Berdasarkan dari hasil penelitian Morimoto et al., (2014), menunjukkan hasil

bahwa ternyata semakin tinggi nilai HOMA-IR maka semakin tinggi juga nilai KGD

2 jam PP. Oleh karena itu peneliti tertarik untuk melakukan penelitian mengenai

Hubungan HOMA-IR dengan KGD 2 jam PP pada pasien yang mendapat terapi

insulin, dimana penelitian ini belum pernah dilakukan di RSUD Dr. Pirngadi kota

Medan tahun 2016.

1.2. Rumusan Masalah

Berdasarkan latar belakang di atas dapat dirumuskan permasalahan sebagai

berikut: Untuk mencari Hubungan HOMA-IR dengan KGD 2 jam PP pada penderita

DM tipe 2 yang diterapi insulin di poli endokrin RSUD Dr.
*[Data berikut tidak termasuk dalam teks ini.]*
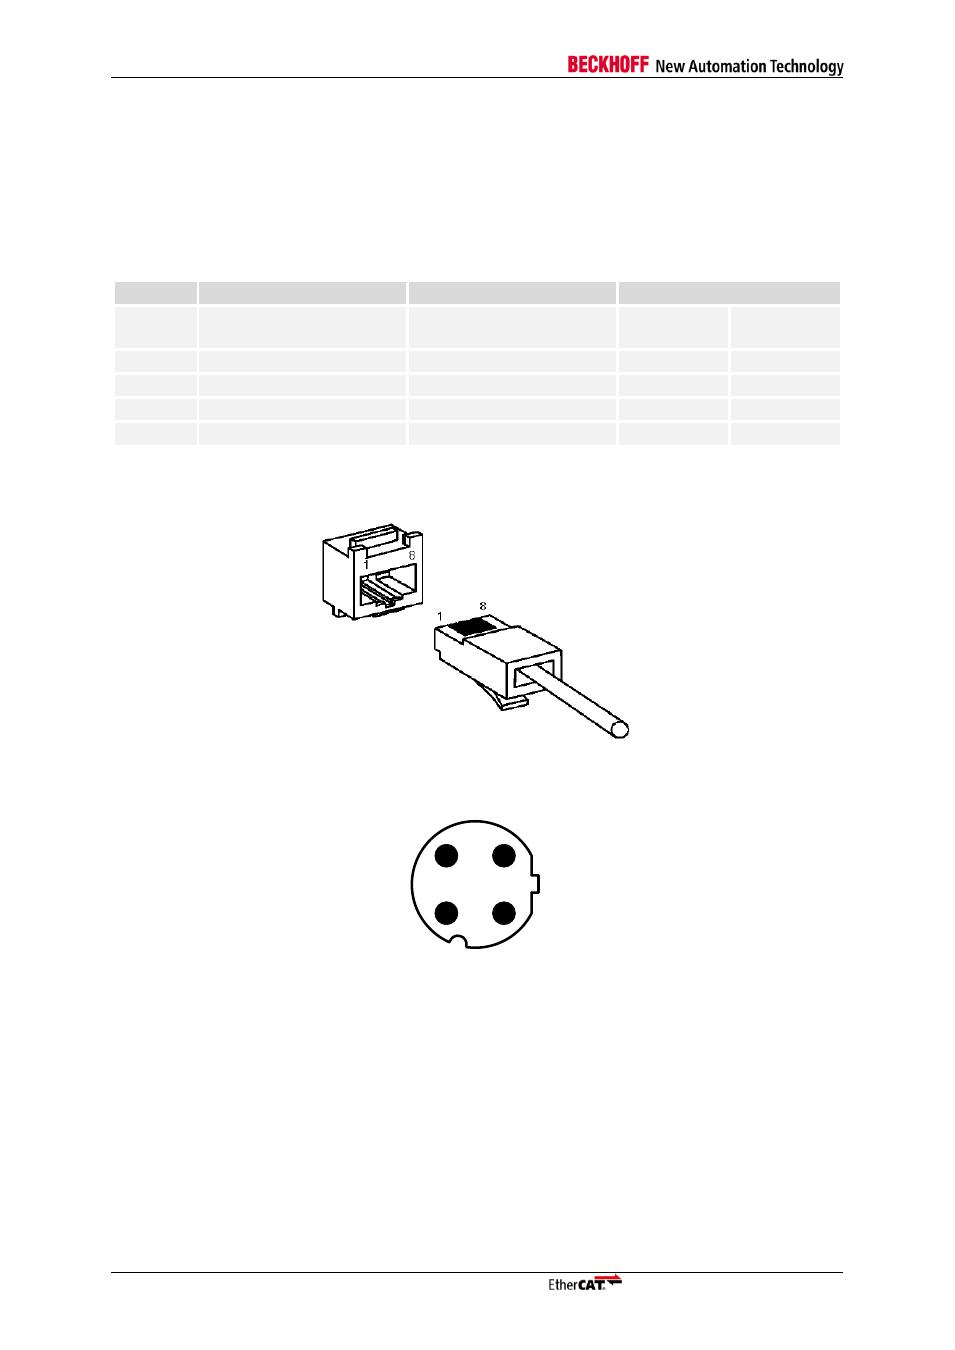 13 ethernet connector (rj45 / m12), Ethernet connector (rj45 / m12

Pirngadi kota Medan

tahun 2016.

1.3. Tujuan Penelitian

1.3.1. Tujuan Umum

Untuk mencari Hubungan antara HOMA-IR dengan KGD 2 jam PP pada

penderita DM tipe 2 yang diterapi insulin di poli endokrin RSUD Dr. Pirngadi kota

Medan tahun 2016.

1.3.2. Tujuan Khusus


5

1. Mengukur kadar HOMA IR pada pasien rawat jalan penderita DM tipe 2

yang diterapi insulin.


2. Mengukur kadar KGD 2 jam PP pada pasien rawat jalan penderita DM tipe 2.
3. Mencari Hubungan antara HOMA IR terhadap KGD 2 jam PP.

1.4. Manfaat Penelitian

Hasil penelitian ini diharapkan dapat memberikan manfaat :

1.4.1. Bagi Pengembangan Ilmu Pengetahuan

Memberikan informasi mengenai hubungan antara HOMA-IR dengan KGD 2 jam

PP pada penderita DM tipe 2 yang diterapi insulin serta sebagai bahan acuan untuk

peneliti lain yang ingin melakukan penelitian selanjutnya.

1.4.2. Bagi Masyarakat

Memberikan informasi dan pengetahuan pada masyarakat jika penelitian

hubungan HOMA-IR dan KGD 2 jam PP terbukti benar maka HOMA-IR ini dapat

dijadikan sebagai marker untuk menentukan nilai resistensi insulin pada penderita

DM tipe 2.

1.4.3. Bagi Peneliti

Menambah wawasan dan pengetahuan peneliti mengenai penyakit DM khususnya

DM tipe 2, pemeriksaan HOMA IR dan KGD 2 jam PP pada pasien DM di RSUD Dr.

Pirngadi kota Medan serta menambah pengalaman dan proses pembelajaran

khususnya dalam melakukan penelitian ini.